This can be parsed as: If there are an odd number of digits and

1. if there is a defined next MIDDLE digit in the sequence, set the middle digit to that number and return it as a string, or
2. otherwise set the middle digit to 0 and and continue on to other routines … (that either increment the INNER digits or OUTER digit according to those progressions.)

Digits are incremented symmetrically, with the right hand side defined by the PAIRS lookup. A very methodical, systematic and orderly way to go about things. I like it. Please proceed…

Cheok-Yin Fung

CY pulls out our familiar friend Algorithm::Combinatorics to get to its variations_with_repetition function, which she uses to compute numbers from the digits {0,1,6,8,9}. As she’s computing all of the numbers of up to a given length, she still needs to filter the output; she does this with a variation on the now-familiar substitute and reverse check.

for my \$s (\$sbegin .. \$send) {
foreach my \$r (qw/1 6 8 9/) {
my \$o = variations_with_repetition([0, 1, 6, 8, 9],\$s-1);
while (my \$y = \$o->next) {
my \$string = \$r.(join '', @{\$y});
push @ans, \$string if \$string eq rt180(\$string);
}
}
}

Since she still needs to create ~3 * 1010 numbers to check the whole range up to 1015, her method will bog down as the range gets very large, as she notes: “not very satisfactory”. While 30 billion is a lot of numbers to get through, it’s still far superior to having to filter a million billion candidates. Implementing the connection between the left and right halves of the constructed number, while more complicated, would address that, drastically reducing the absolute number of combinations created.

E. Choroba

Choroba gives us two routines, one ‘slow’ one using simple validation, and one ‘fast’ one to constructively create valid numbers out of parts. The simple validation uses the familiar translation and reverse motif we’ve seen before. Of note I did some testing myself and found that tr/// is by far the fastest way to do the swapping, by several orders of magnitude. I mean, it is why that particular function exists, after all. One would think it would be well tuned.

Starting with a kernel list of 8, 69, 88, 96 (Because they have chosen to disallow the digit 1), Choroba iterates over it to make a new batch of valid numbers. There are only two choices for a central digit, 0 and 8, so those numbers are constructed first. Here’s the interesting part: after dividing a number into a beginning and end parts, they add new pairs of numbers from the middle, maintaining the strobogrammatic nature. Again because of the limited combinations, these pairs can only be 00, 69, 88 and 96. So these numbers are created and placed on the combinations for the next loop through.

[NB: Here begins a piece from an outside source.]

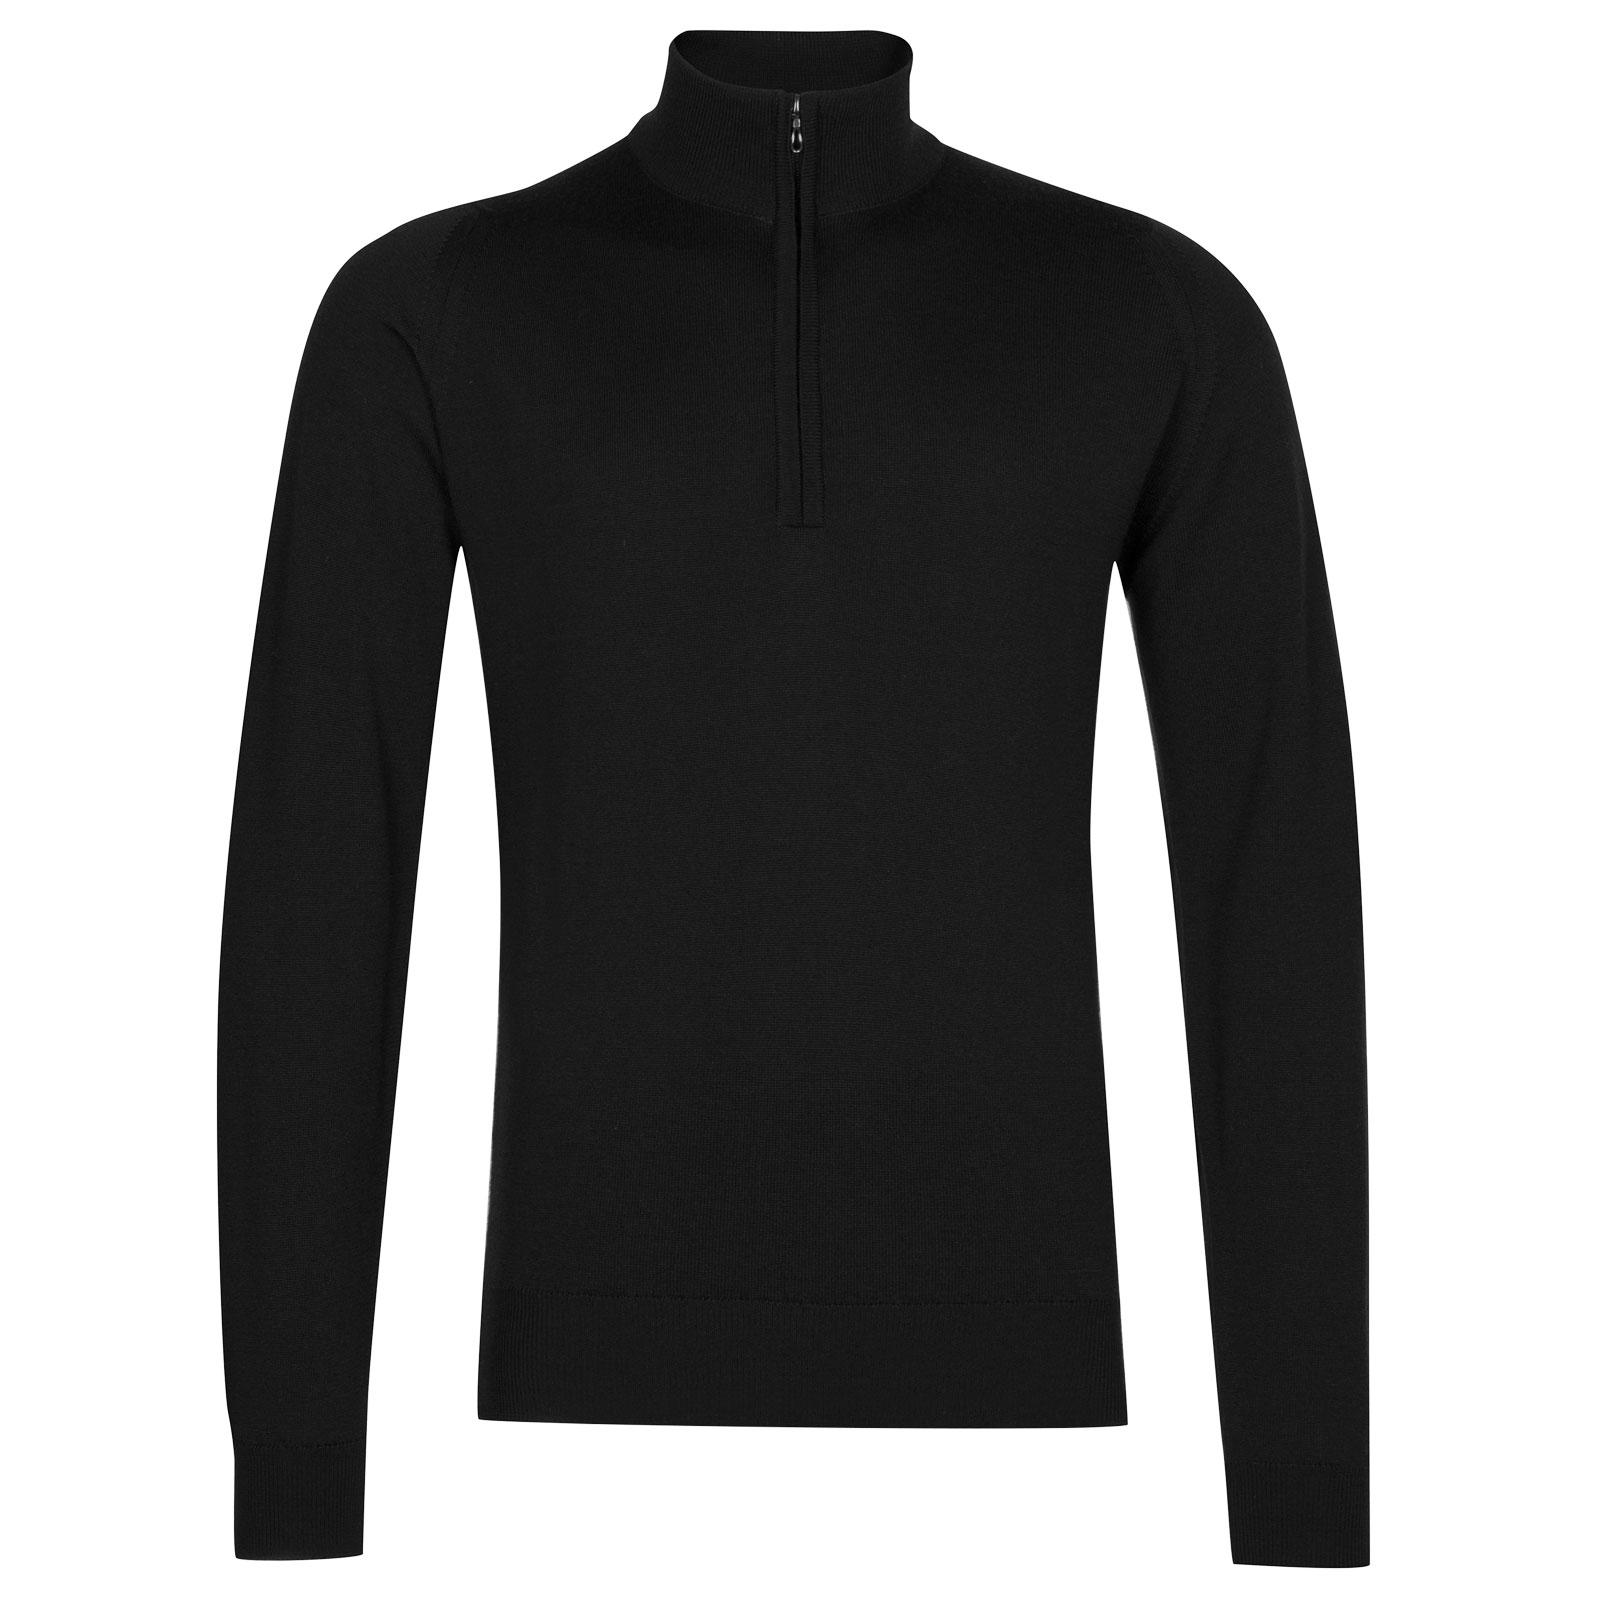 John Smedley tapton Merino Wool Pullover in Black-S

Finally the entirely of the iteration list of combinations is pushed to the final strobogrammatic list, the iteration list is replaced and the loop is passed through again. This continues until the upper limit is exceeded; for output the final list is grepped to be within the given bounds.

sub get_strobogrammatic {
my (\$from, \$to) = @_;
my @s = (8, 69, 88, 96);
my @last = (69, 88, 96);
while (\$s[-1] < \$to) {
my @next;
for my \$last (@last) {
my (\$begin, \$end) = (substr(\$last, 0, length(\$last) / 2),
substr(\$last, length(\$last) / 2));
push @s, "\${begin}0\$end", "\${begin}8\$end";
push @next, "\${begin}00\$end", "\${begin}69\$end", "\${begin}88\$end", "\${begin}96\$end";
}
push @s, @next;
@last = @next;
}
return grep \$from <= \$_ && \$_ <= \$to, @s
}

Jorg Sommrey

Jorg resurrects his artful nested maps combination function prod() from challenge 067, and here adds three more listwise processes to accomplish the entire job of creating and selecting the strobogrammatic numbers in what amounts to essentially four lines.

sub prod {
my (\$left, \$right) = @_;
[map {my \$l = \$_; map \$l . \$_, @\$right} @\$left];
}

sub all_for_length {
my \$length = shift;
return (0, 1, 8) if \$length == 1;

my \$heads = reduce {prod \$a, [0, 1, 6, 8, 9]}
[1, 6, 8, 9], (1 .. \$length/2 - 1);

map y/X//dr, map {\$_ . substr reverse(y/69/96/r), 1}
@{prod \$heads, \$length % 2 == 0 ? ['X'] : [0, 1, 8]};
}

sub strobogrammatic_numbers {
my (\$from, \$to) = @_;

grep {\$_ >= \$from && \$_ <= \$to}
map {all_for_length \$_} (length(\$from) .. length(\$to));
}

Here edited out for brevity, his comments explain his process, so please do go and have a look. I really enjoy listwise processing of data, finding the logic process dense but very satisfying.

Simon Green

Simon thoroughly comments his process as well, something I will always encourage to anyone who will listen. He uses the method of creating half-numbers that satisfy the digit constraints, then using each left-hand side to create a corresponding right-hand component.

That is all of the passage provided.